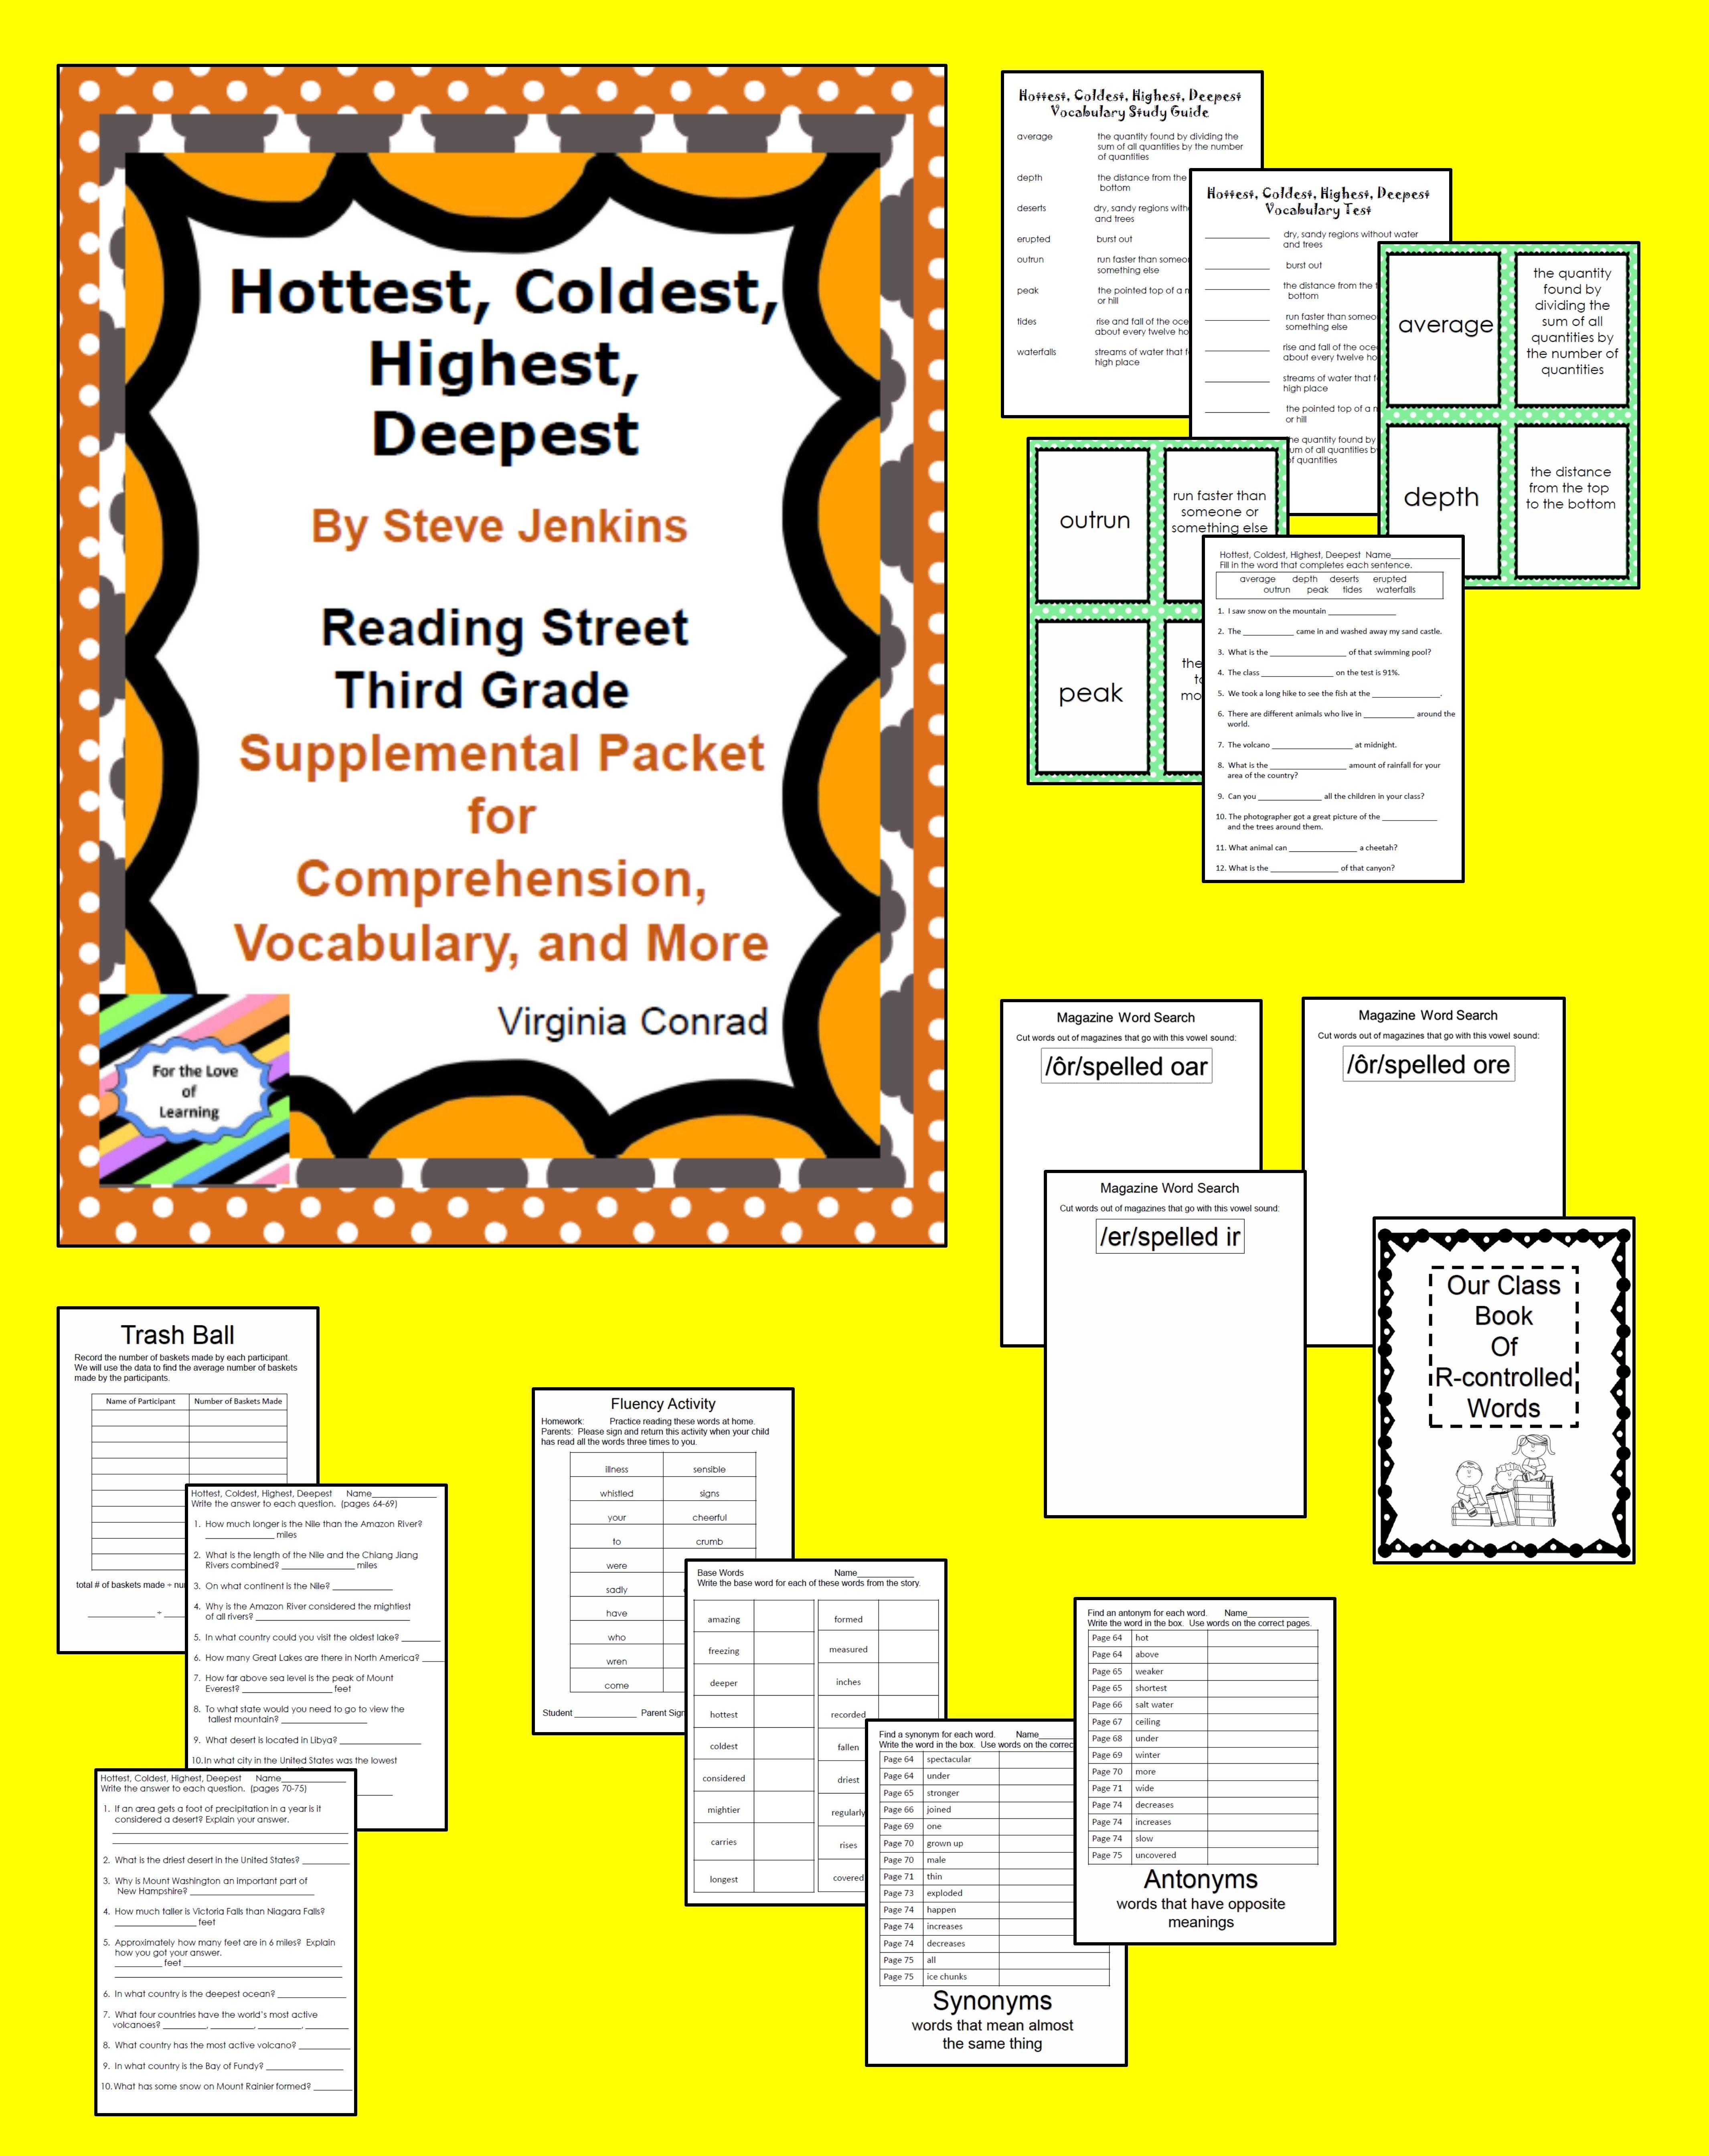 Hottest Coldest Highest Deepest Supplemental Pack Reading Street Third Grade
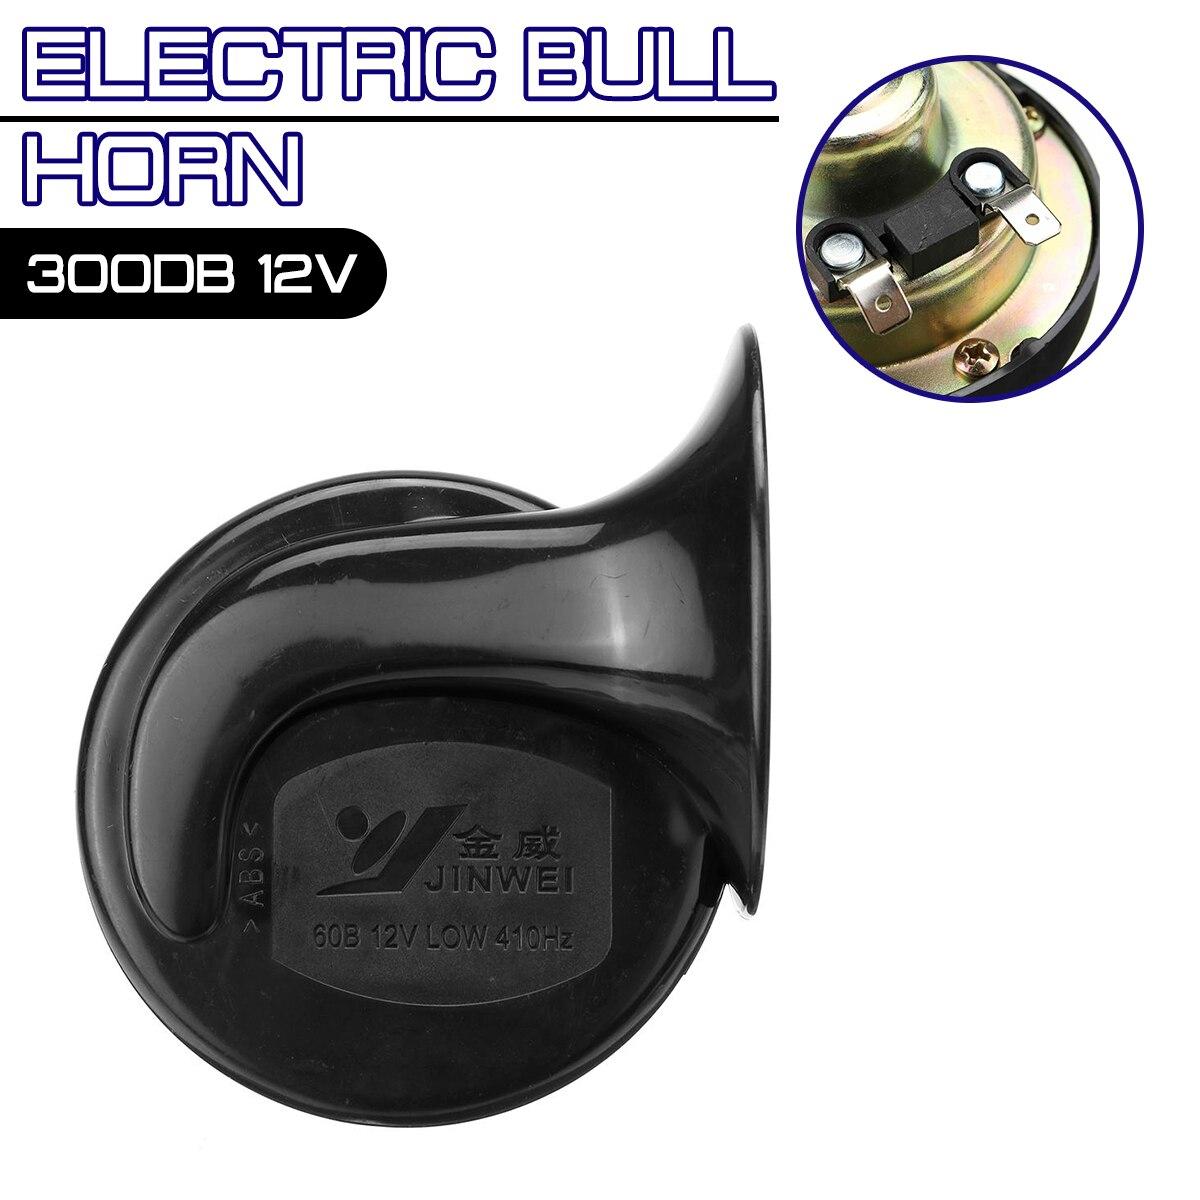 Универсальный 12V 300db громкий Водонепроницаемый Электрический Улитка воздушный рожок оригинальность звук для автомобилей, мотоциклов, груз...
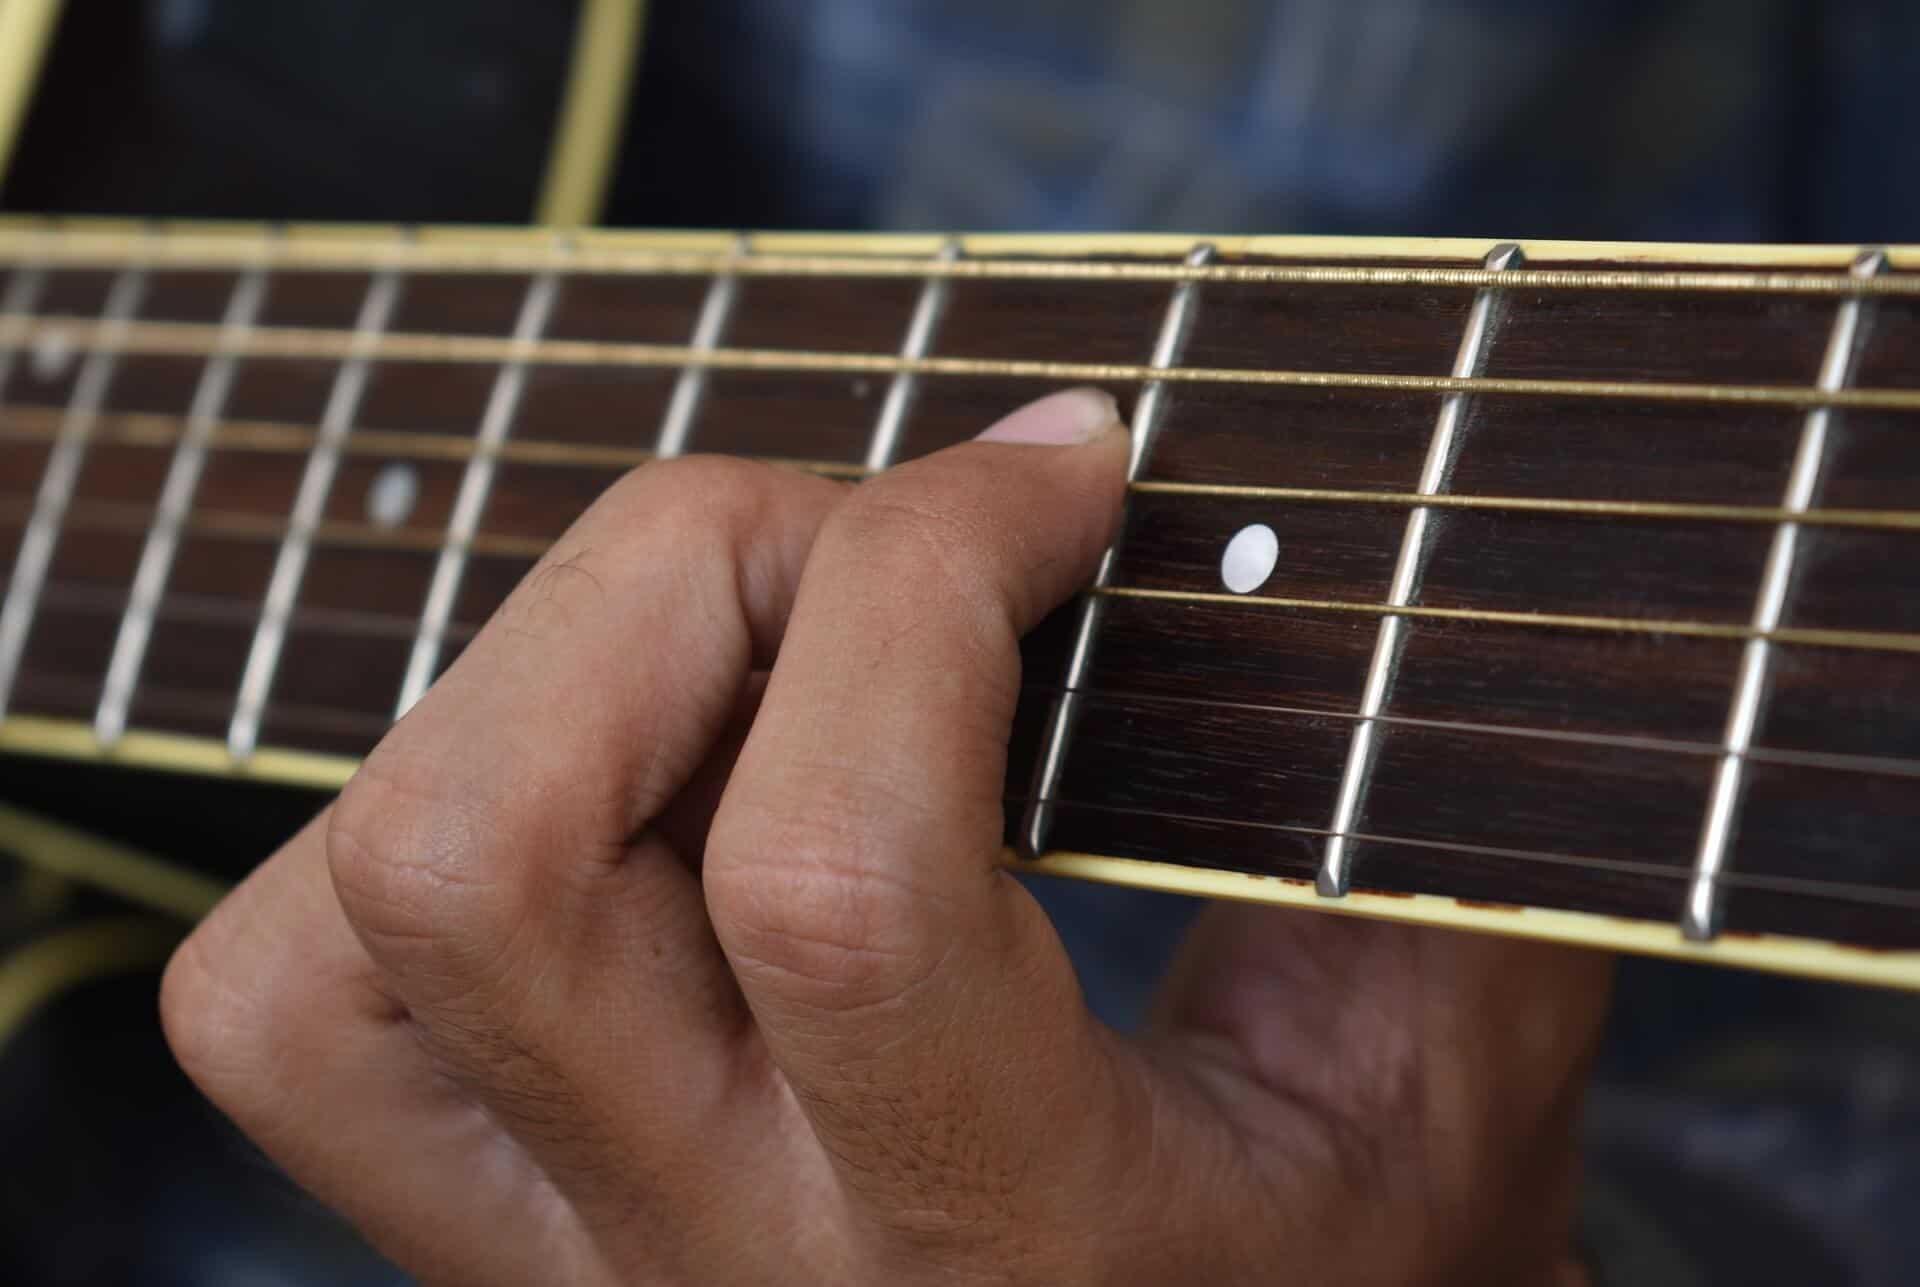 מיתרים מחלידים בגיטרה אקוסטית

## The task:
Repeat the listing above exactly, with no pictures.

## Solution to this task:
 Hottest Coldest Highest Deepest Supplemental Pack Reading Street Third Grade
 Универсальный 12V 300db громкий Водонепроницаемый Электрический Улитка воздушный рожок оригинальность звук для автомобилей, мотоциклов, груз...
 מיתרים מחלידים בגיטרה אקוסטית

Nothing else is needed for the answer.